Author: Shuiqiang Chen, Big Data Engineer at TikTok
Based on the Flink Forward Asia 2025 talk by Shuiqiang Chen, Big Data Engineer at TikTok
At TikTok, the recommendation system is a cornerstone of user engagement, delivering personalized content streams to billions of users. As the platform scales, the team has transitioned from traditional deep learning-based models to large-scale recommendation models (LRMs) that prioritize user behavior sequences. To support this evolution, TikTok engineers have developed a unified Lakehouse architecture leveraging Apache Paimon, addressing critical challenges in data pipeline efficiency, consistency, and scalability. This blog post details the design, implementation, and performance outcomes of this architecture.


The Deep Learning Recommendation Model (DLRM) relied heavily on sparse/dense features and high-dimensional embeddings but suffered from limitations such as manual feature engineering and loss of sequential user behavior patterns. Inspired by the success of large language models (LLMs), TikTok shifted to Large-Scale Recommender Models (LRMs), including generative and multi-modal variants. These models simplify feature engineering by centering on user behavior sequences, enabling real-time personalization and becoming the backbone of TikTok’s recommendation systems.
Despite the benefits of LRMs, the team faced significant operational hurdles:

While large recommendation models demonstrated substantial benefits across multiple business lines over the past two years, their success revealed underlying pain points in user behavior sequence feature production that demanded systematic solutions.

From a business perspective, different teams were building feature production pipelines independently, each implementing distinct schemas that couldn't be reused across teams or projects. This fragmented approach resulted in significant resource waste and redundant development efforts. Teams typically required several days to collect data from various scenarios and prepare the necessary computational resources for pipeline execution, creating inefficiencies that scaled poorly with organizational growth.
The architectural challenges were equally concerning. Traditional Lambda architecture introduced operational and maintenance difficulties through its reliance on diverse, disconnected components. The separation of stream and batch processing pipelines often led to data inconsistency issues, creating potential discrepancies between real-time and batch-processed results that could impact model performance and user experience.
To address these fundamental challenges, TikTok decided to build a comprehensive user behavior data asset that could serve as a shared foundation across all scenarios and business units within the ecosystem. The vision was ambitious: create a lakehouse capable of tracking lifelong user behavior through a standardized schema while supporting time ranges spanning from hourly and daily intervals to monthly and even yearly aggregations.

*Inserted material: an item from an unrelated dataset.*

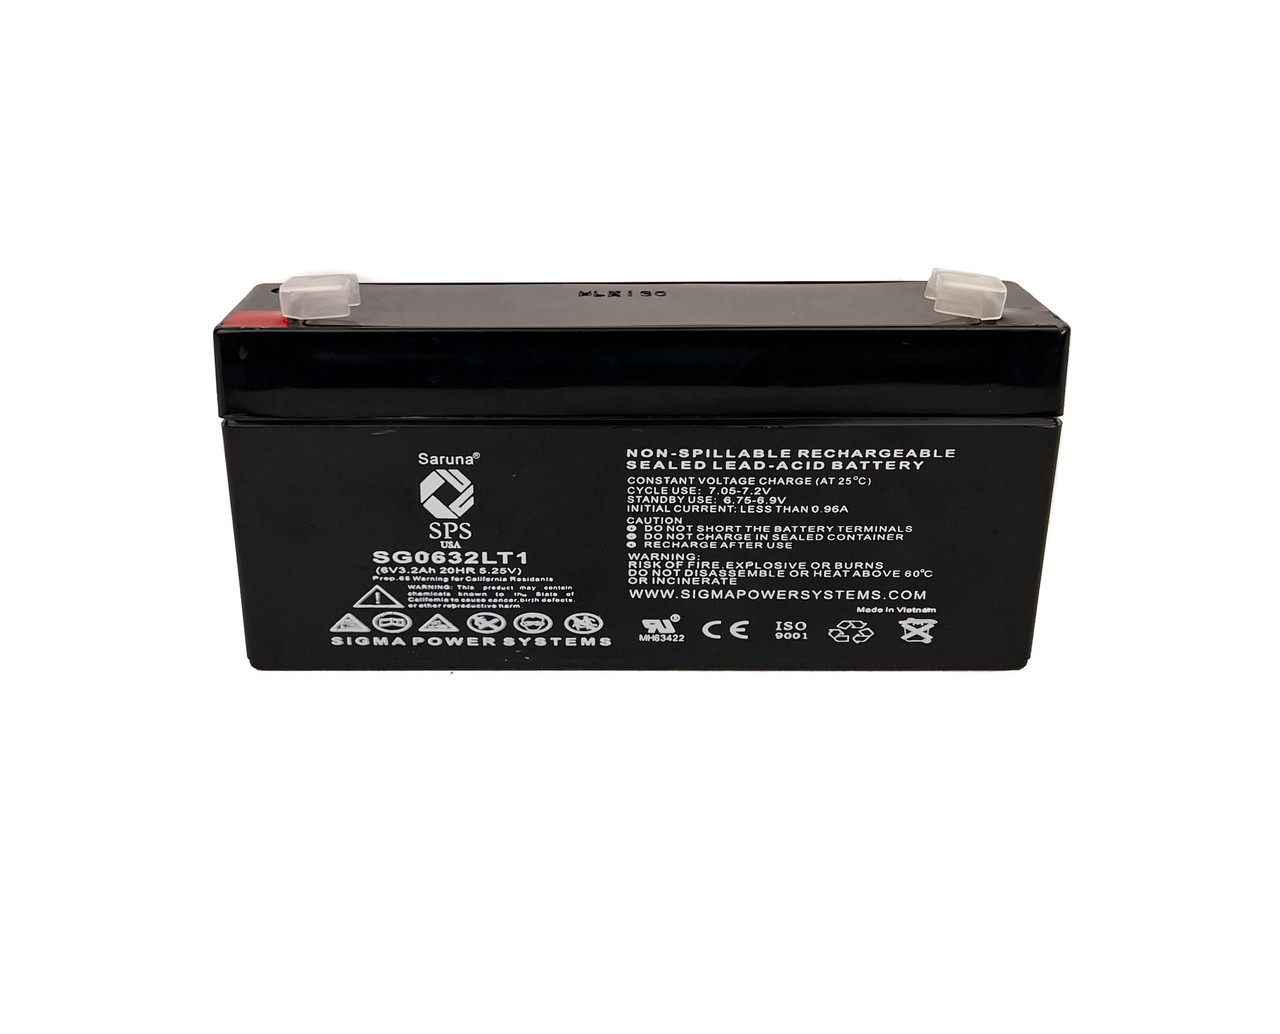 Raion Power RG0632LT1 6V 3.2Ah Compatible Replacement Battery for Health o meter 63653 Pediatric Scale

The solution required stream and batch unified storage that could provide consistent real-time and batch analysis capabilities. Apache Paimon emerged as the ideal choice for this unified storage layer, given its reputation as a streaming lakehouse platform with unified storage capabilities and high query performance. Paimon's transactional guarantees and exactly-once semantics for both stream and batch processing aligned perfectly with TikTok's requirements. Additionally, its rich ecosystem support for compute engines like Apache Flink and Apache Spark, along with compatibility with other lake formats such as Apache Iceberg, made it a strategic choice for long-term scalability.
Apache Paimon was chosen for its:

The user behavior lakehouse implementation follows a carefully designed four-layer architecture that provides both flexibility and performance optimization. From bottom to top, these layers include DIM(Dimension Layer), DWD (Data Warehouse Detail), DWS (Data Warehouse Service), and ADS (Application Data Service).
The DIM layer serves as the foundation, retaining item features produced by feature engines for dimensional queries. This layer encompasses both static item features that remain relatively constant over time and dynamic item features that evolve based on user interactions and content performance metrics. The layer's design ensures efficient storage and retrieval of feature data while maintaining version control for historical analysis.
The DWD layer constructs comprehensive wide tables from user behavior raw data combined with DIM dimensional information. This layer performs essential data integration, bringing together disparate data sources into cohesive, queryable structures that support both analytical and operational workloads.
Building upon the DWD foundation, the DWS layer creates normalized wide tables containing user behavior sequence features and aggregated labels. This layer focuses on feature engineering and preparation, ensuring that downstream applications receive clean, well-structured data that supports various analytical and machine learning requirements.
At the top, the ADS layer maintains user behavior long sequence features filtered according to specific business needs. This layer serves as the interface between the lakehouse infrastructure and business applications, providing tailored data views that optimize performance for specific use cases.
The implementation architecture demonstrates elegant simplicity while maintaining powerful capabilities. The DIM layer operates through feature engines that continuously produce item features and push them to online stores for real-time serving. A Flink CDC (Change Data Capture) streaming pipeline captures feature value changes and writes them into Paimon tables that store all feature versions, enabling comprehensive historical analysis and point-in-time feature reconstruction.

The DWD layer runs streaming ETL (Extract, Transform, Load) jobs that perform essential data transformations on user behavior actions reported from various applications. These transformations include filtering operations to remove irrelevant data, deduplication to ensure data quality, default value assignment for empty fields, and value normalization to maintain consistency across different data sources. The processed data is then enriched by looking up dimensional features from the DIM layer, constructing comprehensive user behavior wide rows that are written into Paimon tables configured as primary key tables, partitioned by date and hour, and bucketed by user ID for optimal performance.
The DWS layer takes responsibility for label calculation based on user behavior features from the DWD layer. This layer provides flexibility in defining window strategies and aggregate functions, enabling teams to calculate feature labels tailored to diverse analytical and modeling requirements. The configurable nature of this layer allows for rapid adaptation to evolving business needs without requiring fundamental architectural changes.
Finally, the ADS layer operates as a materialized view of user behavior features from the DWS layer, processed through streaming ETL jobs. Features are pushed to online stores via streaming ETL processes for real-time applications while being batch-loaded to offline stores through daily scheduled batch jobs for analytical workloads.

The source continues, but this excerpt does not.